Botulinum toxin type A as second-line.
Other antimuscarinic drugs, should only be considered if the risk of cognitive adverse effects is thought to be minimal
PD dementia - An acetylcholinesterase inhibitor; or rivastigmine
If acetylcholinesterase inhibitors are not tolerated or contra-indicated, memantine hydrochloride should be considered.
** What are the side effects of the treatment for PD?
Nausea and vomiting
Postural hypotension
Neuropsychiatric adverse effects
Impulse control disorders
Insomnia
Constipation
Excessive drowsiness
Diarrhoea
Which medication causes the side effects for PD?
All these side effects can occur when taking Levodopa and when taking dopamine agonists.
Insomnia is caused by all anti-PD drugs.
Constipation can be caused by Levodopa, dopamine agonists and MAO-B inhibitors.
What can cause an increased risk of developing impulse control disorders?
Dopamine agonist therapy
A history of previous impulsive behaviours.
A history of alcohol consumption and/or smoking
Dopaminergic therapies other than dopamine agonists.

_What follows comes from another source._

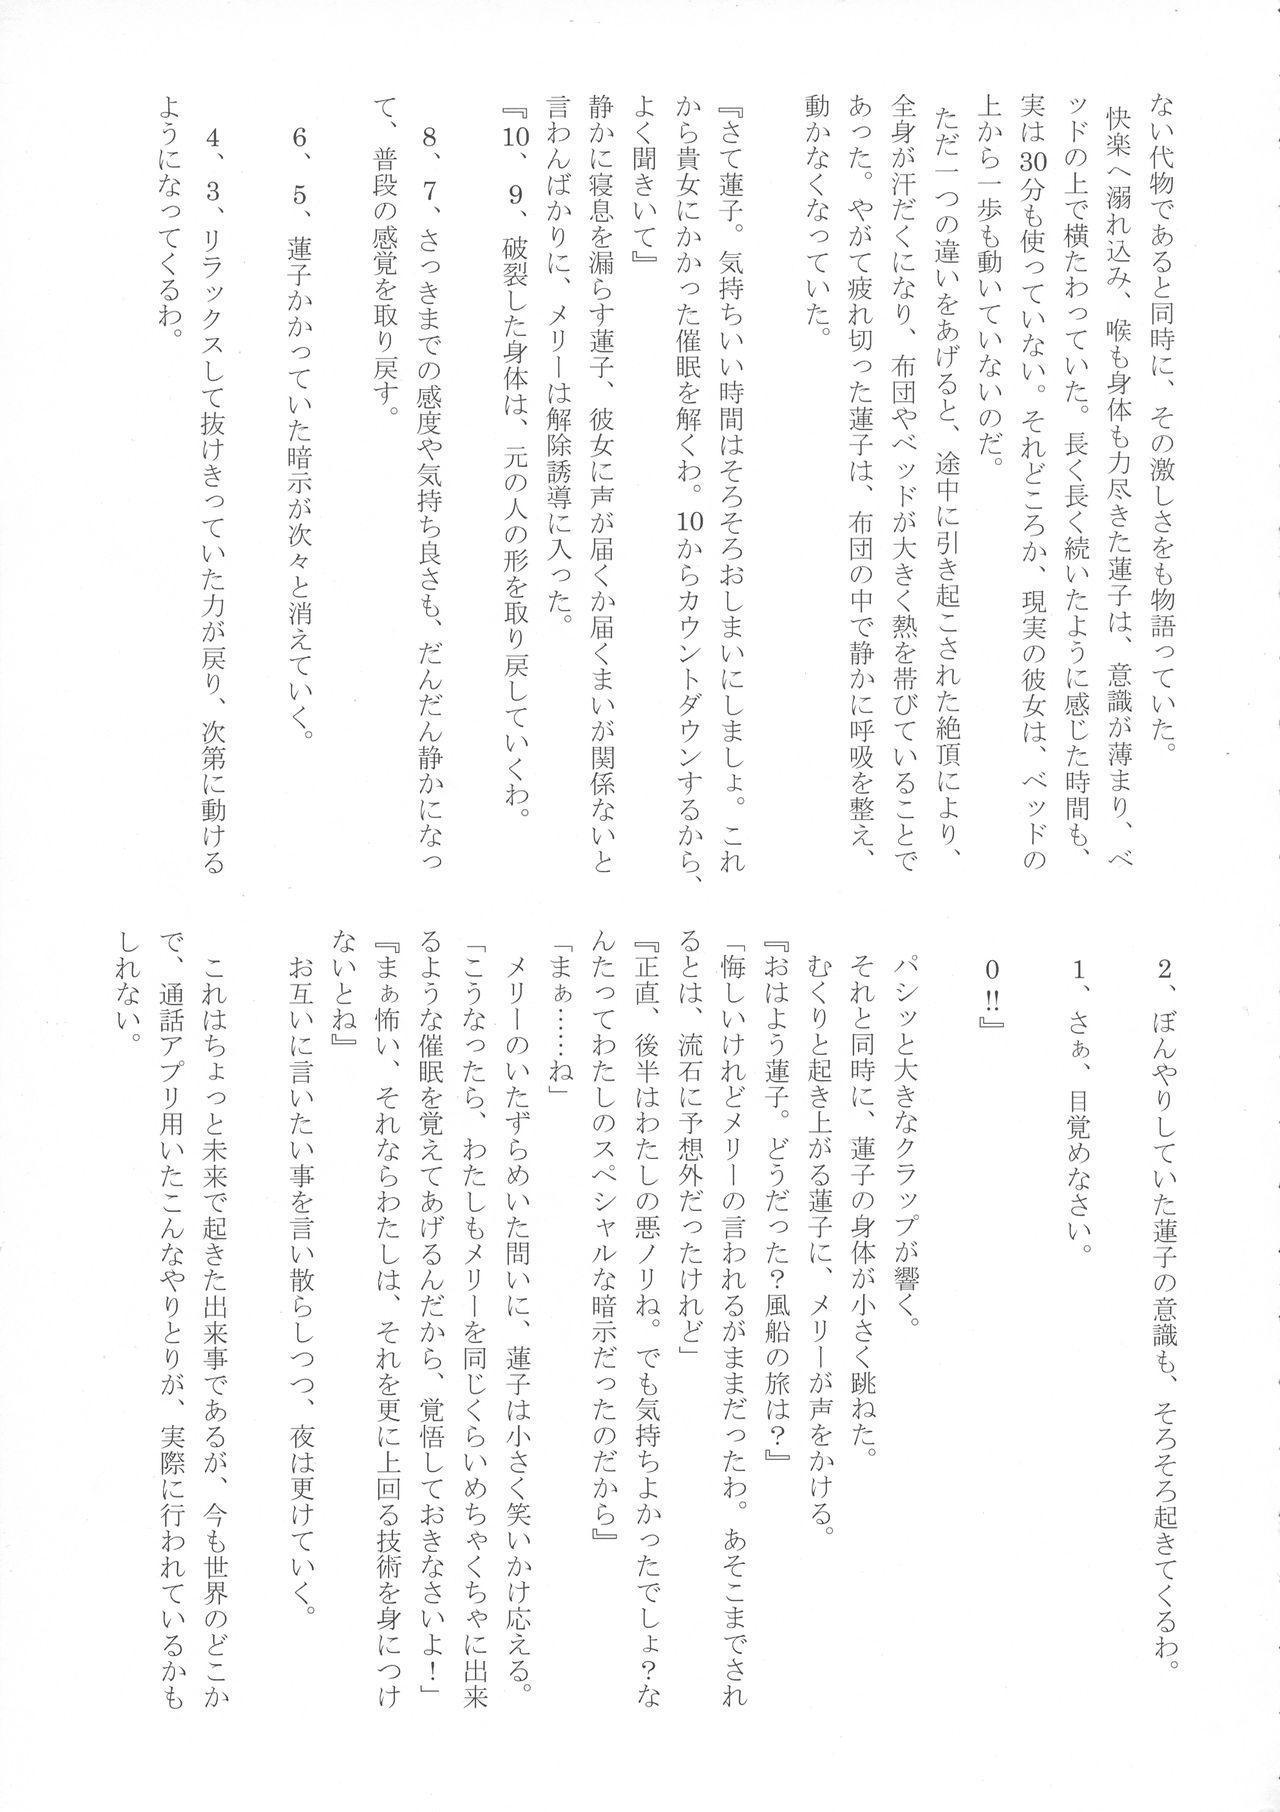 (Reitaisai 15) [HORIC WORKS (Various)] Touhou Bouchou-kei Sougou Goudou-shi `Boujo 2!!!!!!!!' (Touhou Project) 83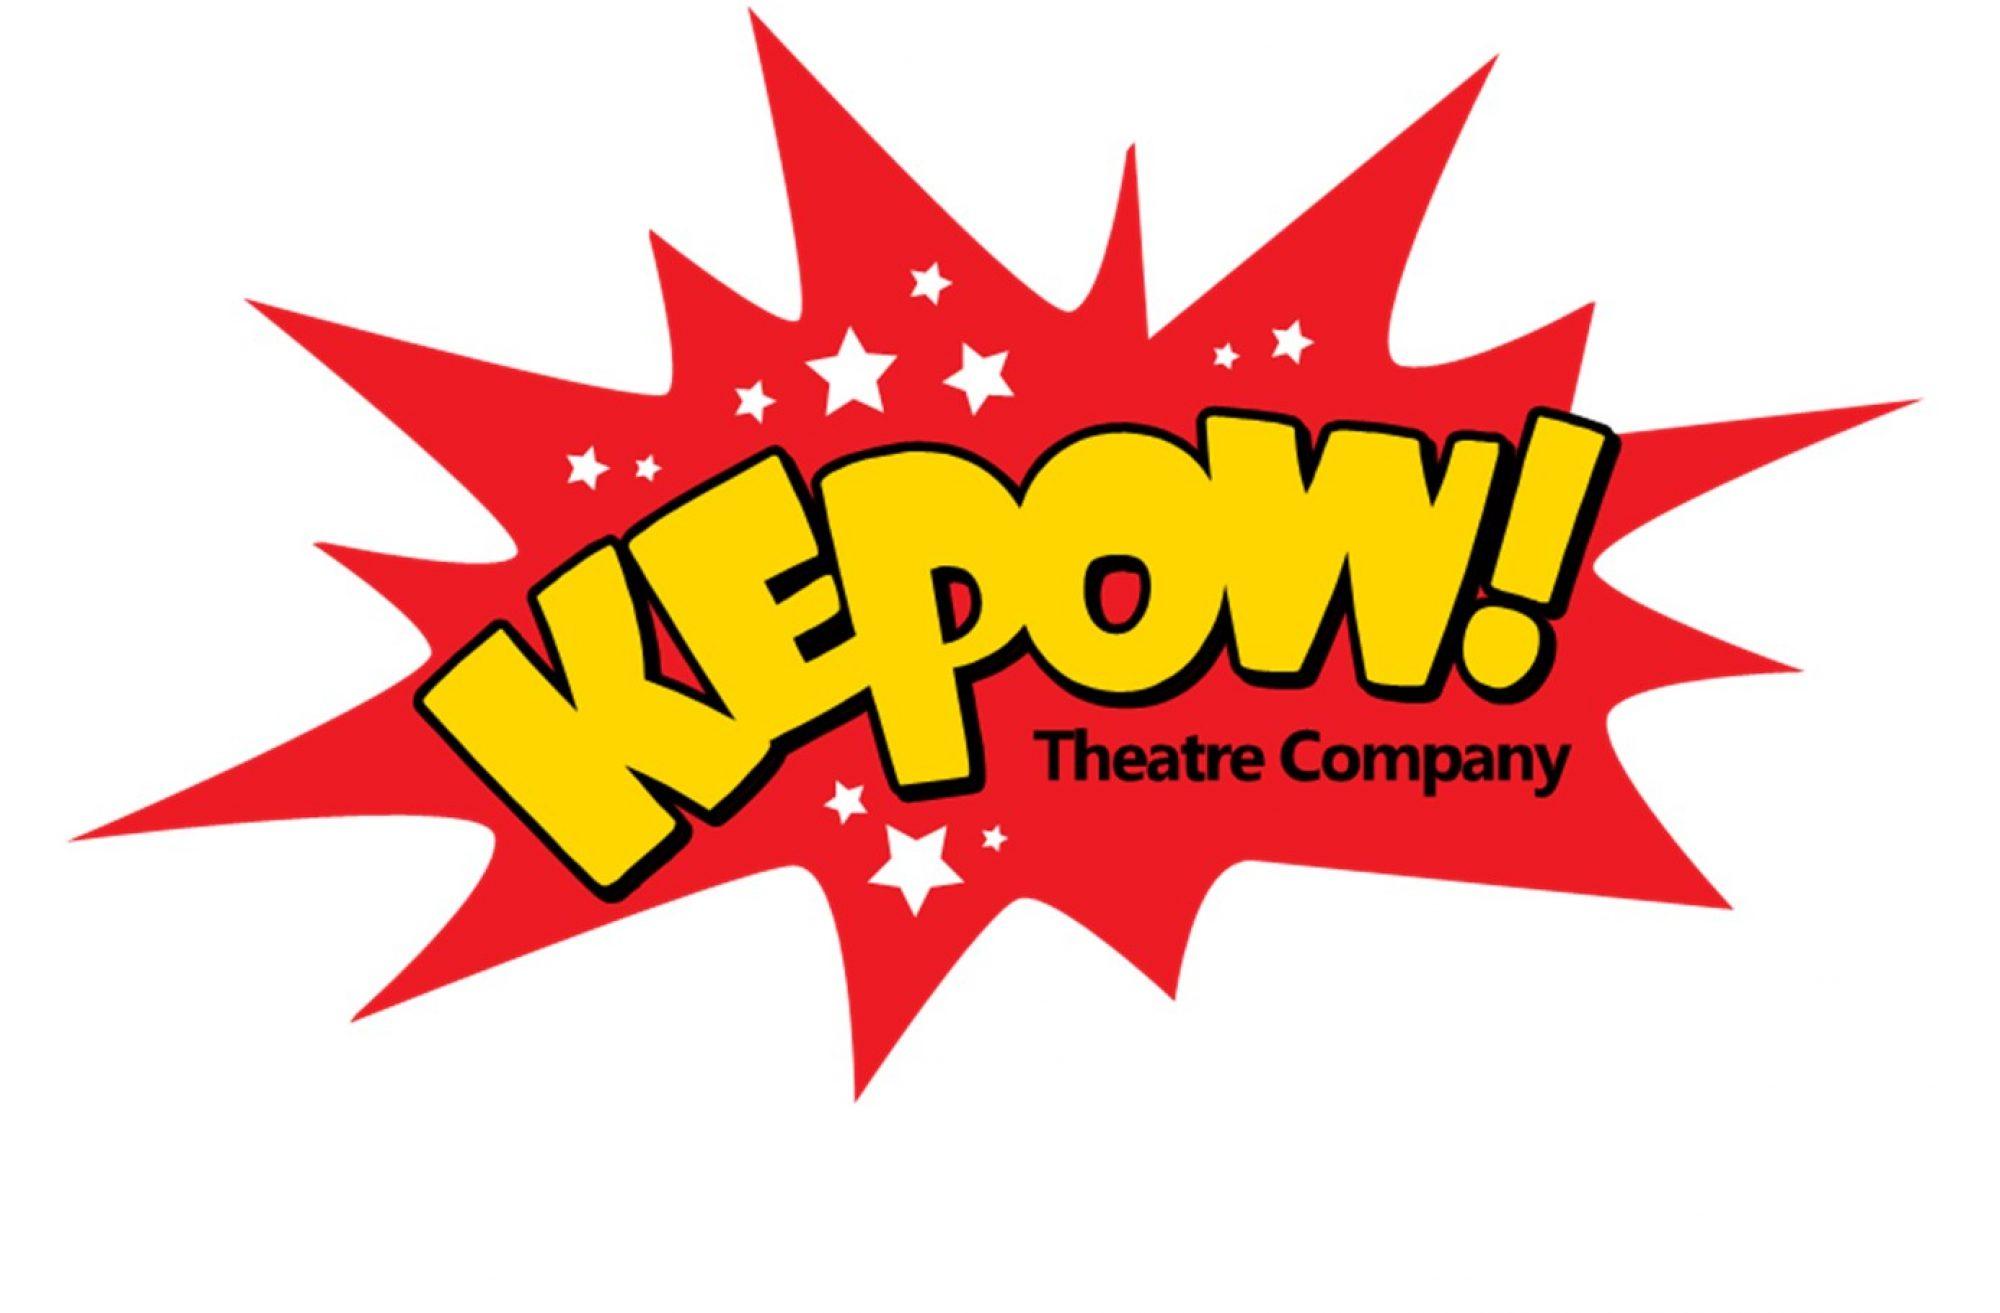 Kepow Theatre Company

How can impluse control disorders be managed?
By modifying dopaminergic therapy by first gradually reducing any dopamine agonist.
And monitoring whether the impulse control disorder improves and whether the person has any symptoms of dopamine agonist withdrawal.
Offer specialist cognitive behavioural therapy targeted at impulse control disorders if modifying dopaminergic therapy is not effective.
What treatment is given to patients with advanced Parkinson’s disease?
They can be offered apomorphine hydrochloride as intermittent injections or continuous subcutaneous infusions. Apomorphine is a strong dopamine agonist and is not related to morphine.
Levodopa-carbidopa intestinal gel is used for the treatment of advanced levodoparesponsive Parkinson’s disease with severe motor fluctuations and hyperkinesia or dyskinesia.
Deep brain stimulation can be used for patients with advanced Parkinson’s disease whose symptoms are not adequately controlled by best drug therapy.